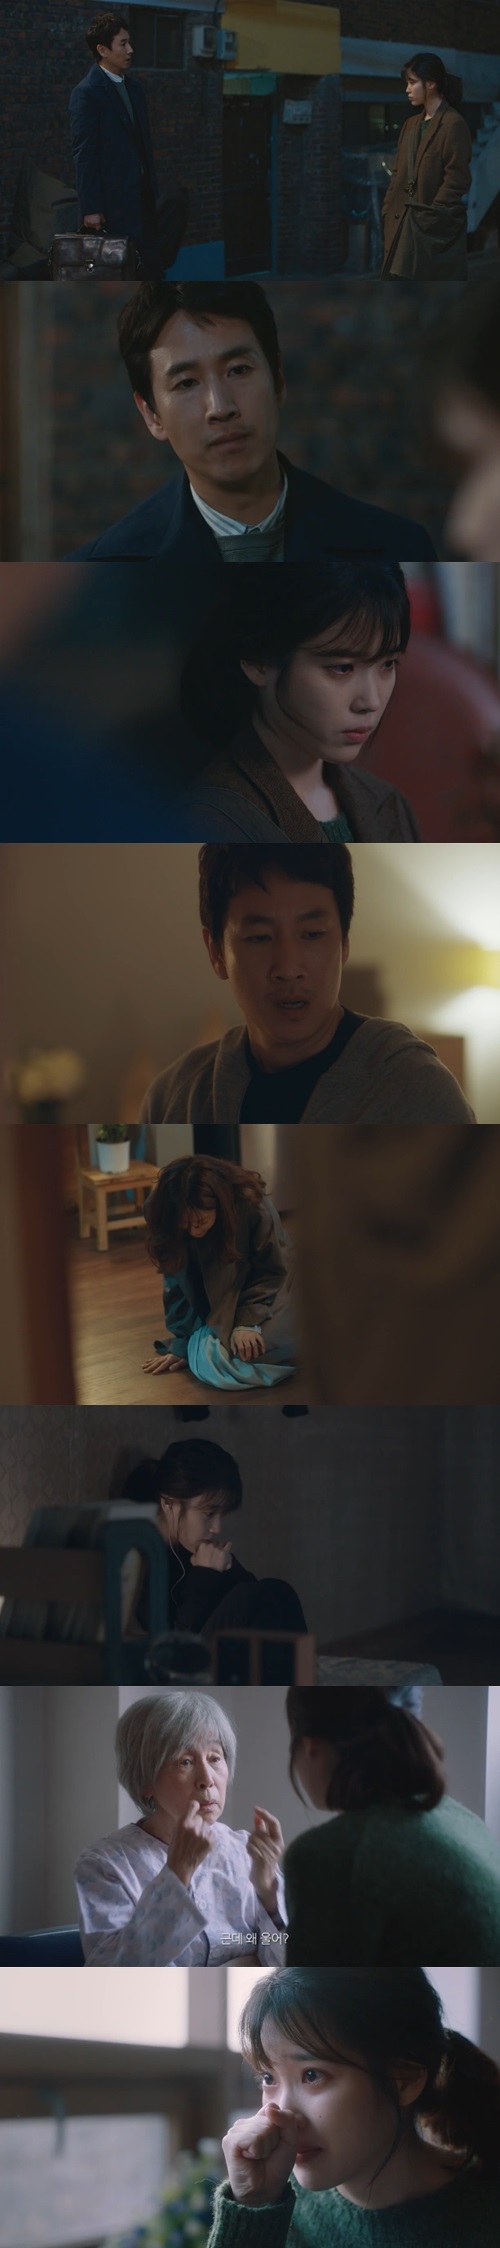 Tears from the IU rang out viewers.In the 11th episode of TVNs tree drama My Uncle, which aired on April 25, Lee Ji-an (IU) cried to her grandmother Bong-ae (Son Sook-soo) by telling Park Dong-hoon (Lee Sun Gyun).Park Dong-hoon began his preparations for a business promotion; by far Ijians presence in the mock interview was a problem.All the other executives began asking Park Dong-hoon what he was up to with Lee Ji-an and why he picked him up and what he did.I can not fire Ijian because Ijian is grudged or misuses him on the other side.Lee Ji-an also tapped all of the conversations.Do Joon-young (Kim Young-min) was nervous that Park Dong-hoon would become managing director, and asked Kang Yun Hee (Lee Ji-ah) to meet the meeting at the hotel as a chance meeting.How long do you think you can continue this brazen act in front of someone who knows Ive been cheating on you? said Kang.Park Dong-hoon overheard the call.Do Joon-yeong also called Lee Ji-an and asked him how far he liked the operation, and said he liked it and was hit in the back of the head.However, Do Joon-young, who heard the situation at the time of the recording, noticed that Lee Ji-an really liked Park Dong-hoon and said, Why do women like Park Dong-hoon?To Do Jun-young, Lee Ji-an said, I will sleep with Park Dong-hoon.Park Dong-hoon went to his friend, Deok (Park Hae-jun), who became a monk with a monthly salary in a frustrated heart, and he advised, Live with shame.The next day, Park Dong-hoon recalled the advice of humility and went to Do Jun-youngs CEOs office and said, Do not let Yun Hee know what I know.I asked him to do it with a note that he wanted to punch him in front of the chairman. As the turmoil broke out and people gathered, Do Joon-young told Wang Jeon-moo (National Director of Korea), Why are you following people and taking strange pictures?I just happened to meet with the college motivator and talked about it for about ten minutes, he said.That night, Yun Hee tried to bring up the affair first with her husband, Park Dong-hoon, but Park Dong-hoon avoided the conversation.
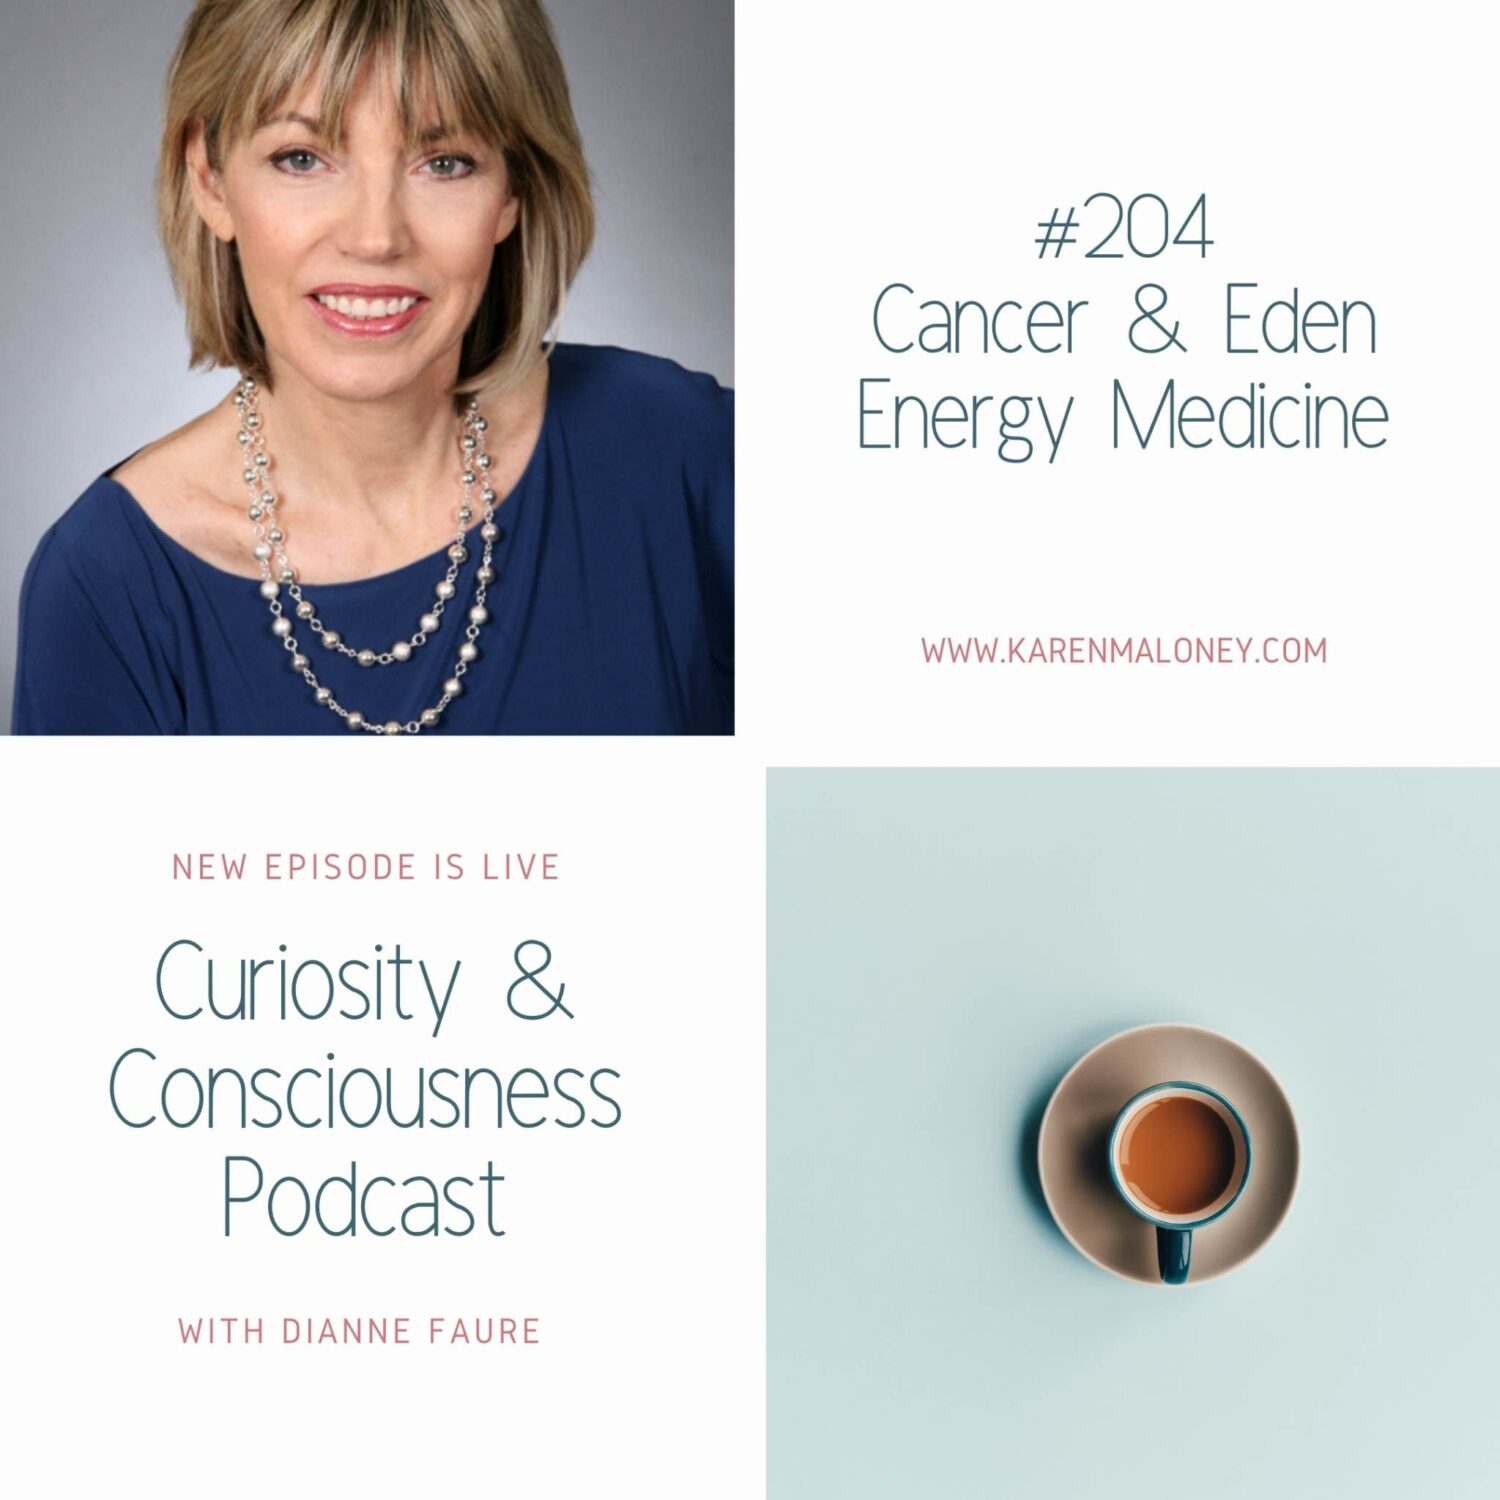 Dianne Faure podcast
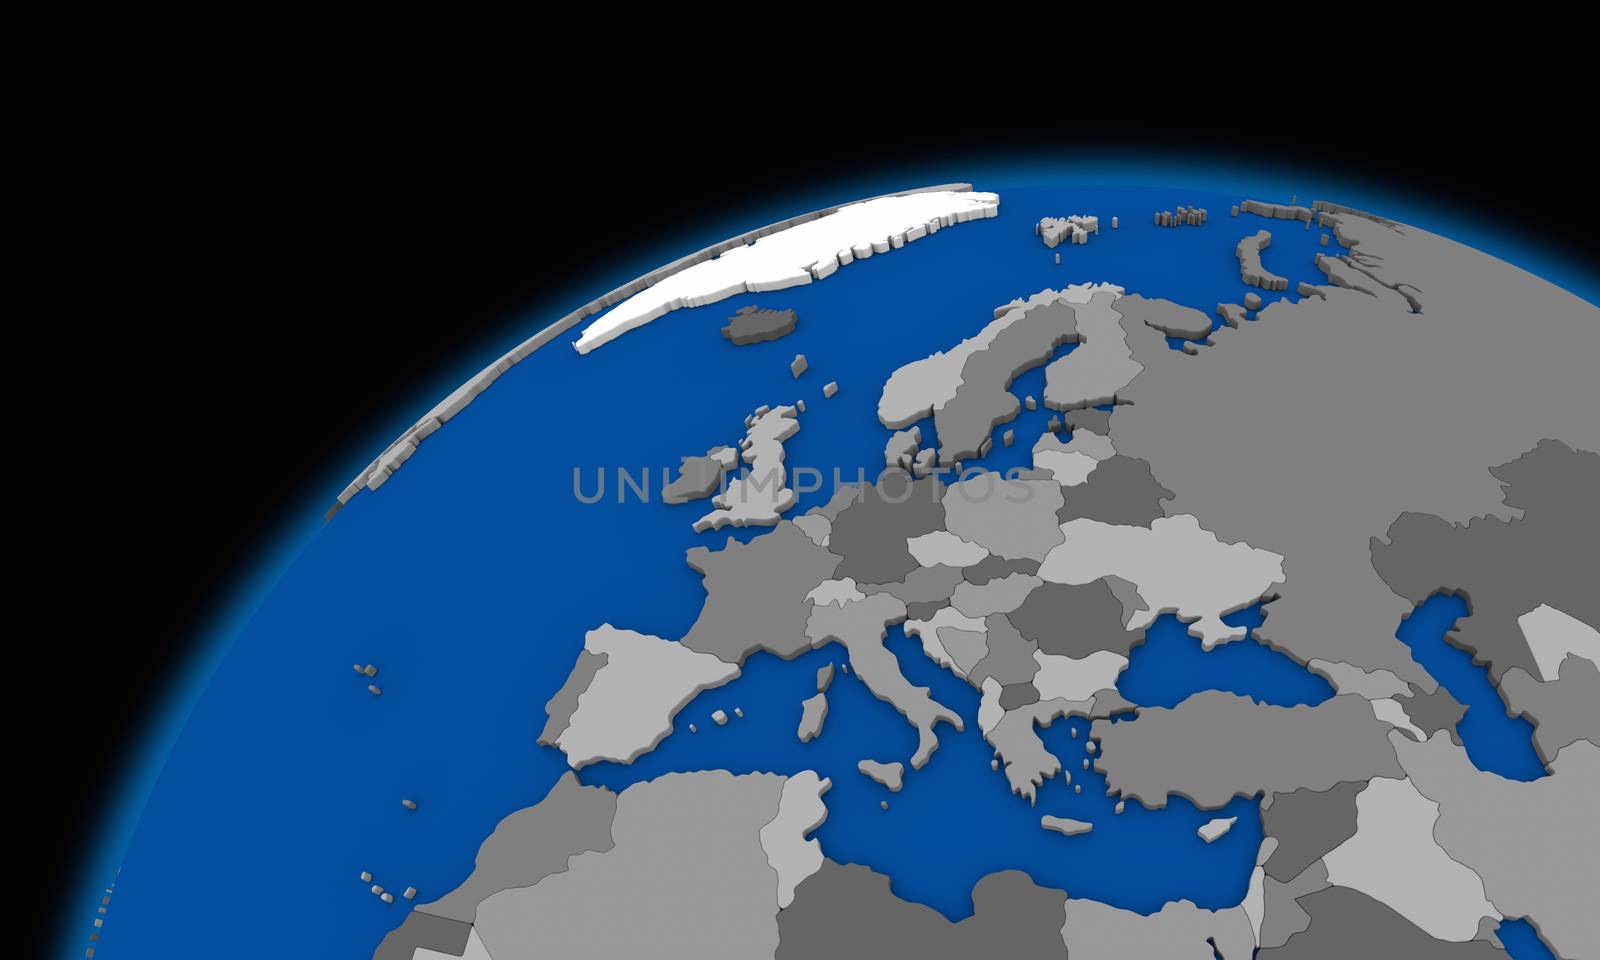 Europe on planet Earth political map by Harvepino
────────────────────────────────────────
▶ **TASK DESCRIPTION**
Would you return the data above exactly as written, minus the images?

▶ **OUTPUT FOR THIS EXERCISE**
 Tears from the IU rang out viewers.In the 11th episode of TVNs tree drama My Uncle, which aired on April 25, Lee Ji-an (IU) cried to her grandmother Bong-ae (Son Sook-soo) by telling Park Dong-hoon (Lee Sun Gyun).Park Dong-hoon began his preparations for a business promotion; by far Ijians presence in the mock interview was a problem.All the other executives began asking Park Dong-hoon what he was up to with Lee Ji-an and why he picked him up and what he did.I can not fire Ijian because Ijian is grudged or misuses him on the other side.Lee Ji-an also tapped all of the conversations.Do Joon-young (Kim Young-min) was nervous that Park Dong-hoon would become managing director, and asked Kang Yun Hee (Lee Ji-ah) to meet the meeting at the hotel as a chance meeting.How long do you think you can continue this brazen act in front of someone who knows Ive been cheating on you? said Kang.Park Dong-hoon overheard the call.Do Joon-yeong also called Lee Ji-an and asked him how far he liked the operation, and said he liked it and was hit in the back of the head.However, Do Joon-young, who heard the situation at the time of the recording, noticed that Lee Ji-an really liked Park Dong-hoon and said, Why do women like Park Dong-hoon?To Do Jun-young, Lee Ji-an said, I will sleep with Park Dong-hoon.Park Dong-hoon went to his friend, Deok (Park Hae-jun), who became a monk with a monthly salary in a frustrated heart, and he advised, Live with shame.The next day, Park Dong-hoon recalled the advice of humility and went to Do Jun-youngs CEOs office and said, Do not let Yun Hee know what I know.I asked him to do it with a note that he wanted to punch him in front of the chairman. As the turmoil broke out and people gathered, Do Joon-young told Wang Jeon-moo (National Director of Korea), Why are you following people and taking strange pictures?I just happened to meet with the college motivator and talked about it for about ten minutes, he said.That night, Yun Hee tried to bring up the affair first with her husband, Park Dong-hoon, but Park Dong-hoon avoided the conversation.
 Dianne Faure podcast
 Europe on planet Earth political map by Harvepino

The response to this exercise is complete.